Welcome

The intent of Pilgrim Processing is to provide commentary on the Daily Lectionary from the 1979 Book of Common Prayer. The format for the comment is Old Testament Lesson first, Gospel, and Epistle with a portion of one of the Psalms for the day as a prayer at the end.

Wednesday, August 11, 2010

11 August 2010
Psalm 101, 109; Judges 13:15-24; Acts 6:1-15; John 4:1-26

Manoah seems not to know that this one who has given them the word concerning the child is an angel of the Lord. The story bears similarities to Genesis when Abraham entertained the three men and also to the story of Jacob wrestling with the angel. Manoah wants to provide the proper hospitality so offers a meal but in this case, unlike the episode with Abraham, the angel will not eat but accepts the offering as a sacrifice to his lord. Manoah wants to know the name of the angel here but the only response he gets is that the name is too wonderful to speak or is beyond understanding.

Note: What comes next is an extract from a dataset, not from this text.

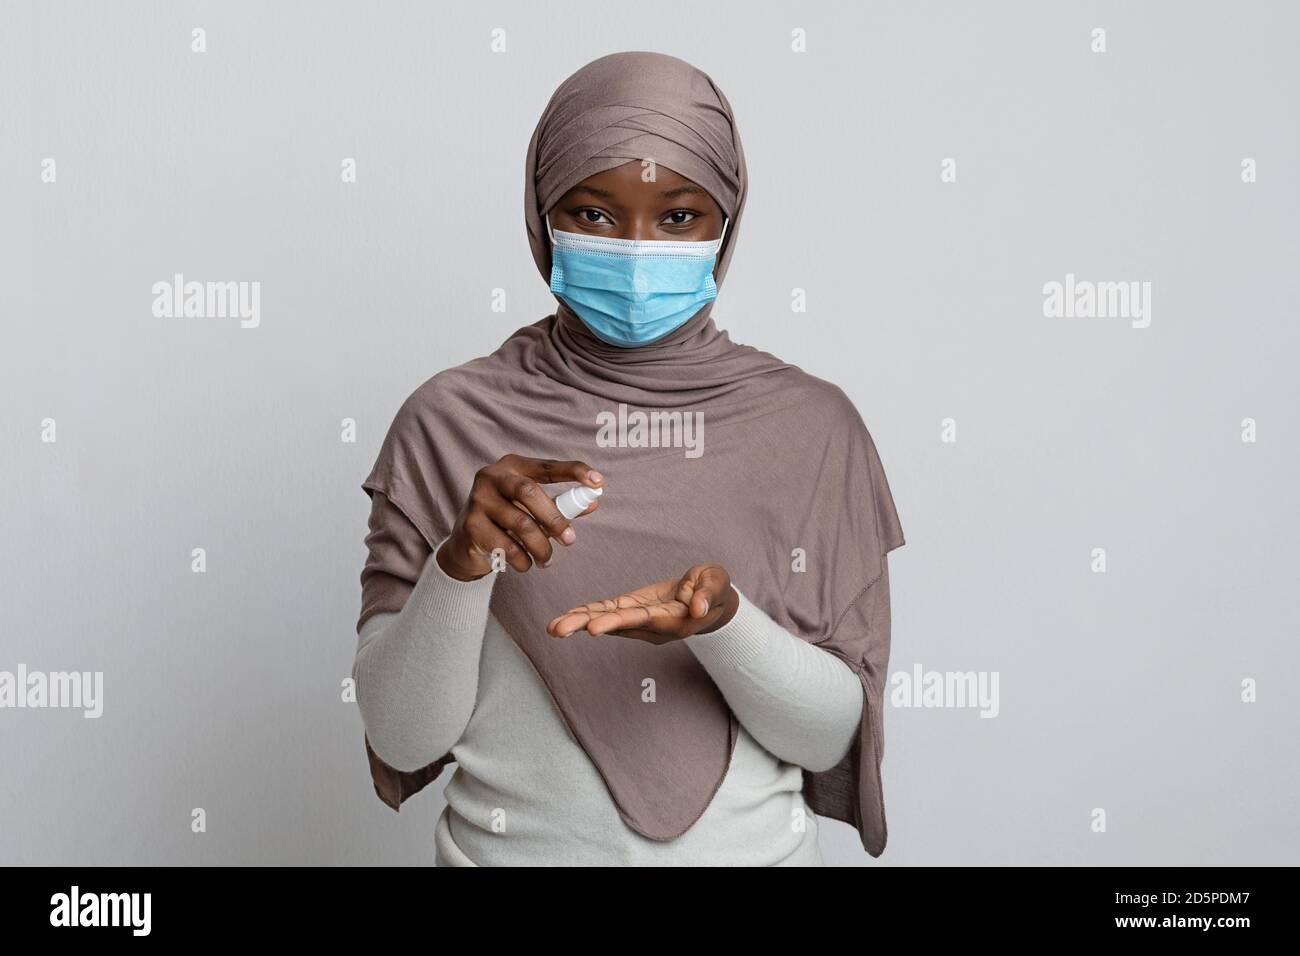 Coronavirus Precautions. Black muslim woman in mask applying disinfectant spray on hands Stock Photo

The word translated here as “wonderful” is the same word in Isaiah 9.6 describing Messiah as “Wonderful Counselor” among other names. As they realize who this was before them, the couple fall on their faces in worship and fear and it is again the woman who relieves the fear with words something akin to you shall not surely die but because their sacrifice had been accepted.

Jesus and His disciples arrive in a Samaritan town at mid-day, a time when no one should have been at the community well. Women went early in the day before the heat made this a more difficult journey with a heavy water pitcher or pot and it was a time for fellowship and camaraderie with other women from the town. This woman, however, comes alone in the heat of the day to get water. She engages with the man she doesn’t know who asks her for water and challenges Him as a Jew. She knows the Jews look down on Samaritans and won’t share eating or drinking vessels with them and speaks into that reality. She sets herself and her people above the Jews by speaking of “our father Jacob.” Jesus’ promise of living water breaks through her defenses and exposes her desire, “Sir, give me this water, so that I may never be thirsty or have to keep coming here to draw water.” She thinks he is speaking of magic when, in fact, He is promising something much deeper. As Jesus exposes her sinful life, she turns to religion as a way of deflecting the course of conversation yet ultimately she received the first direct revelation of Jesus, from his own lips, “I am he, the one who is speaking to you.” The revelation that Manoah didn’t receive is instead given to this sinful woman.

The apostles define their role in the new church as devoted to prayer and serving the word and therefore instruct the congregation to raise up other men for the work of distributing food to the widows. The qualifications were that they be men of good standing, full of the Spirit and wisdom. In Paul’s letters to Timothy and Titus he gives further qualifications but those really are little more than definitions of the terms used here. One of those deacons was Stephen and here we see that the early church’s message was clear and those who heard it and saw the effect it was having in drawing people knew that it was a threat and determined to stamp it out. It wasn’t for his skill at waiting tables that Stephen was tried, it was his proclamation. Deacons, it seems, had a preaching ministry as well as the jobs for which they were originally chosen to perform.

With my mouth I will give great thanks to the Lord;
I will praise him in the midst of the throng.
For he stands at the right hand of the needy,
to save them from those who would condemn them to death.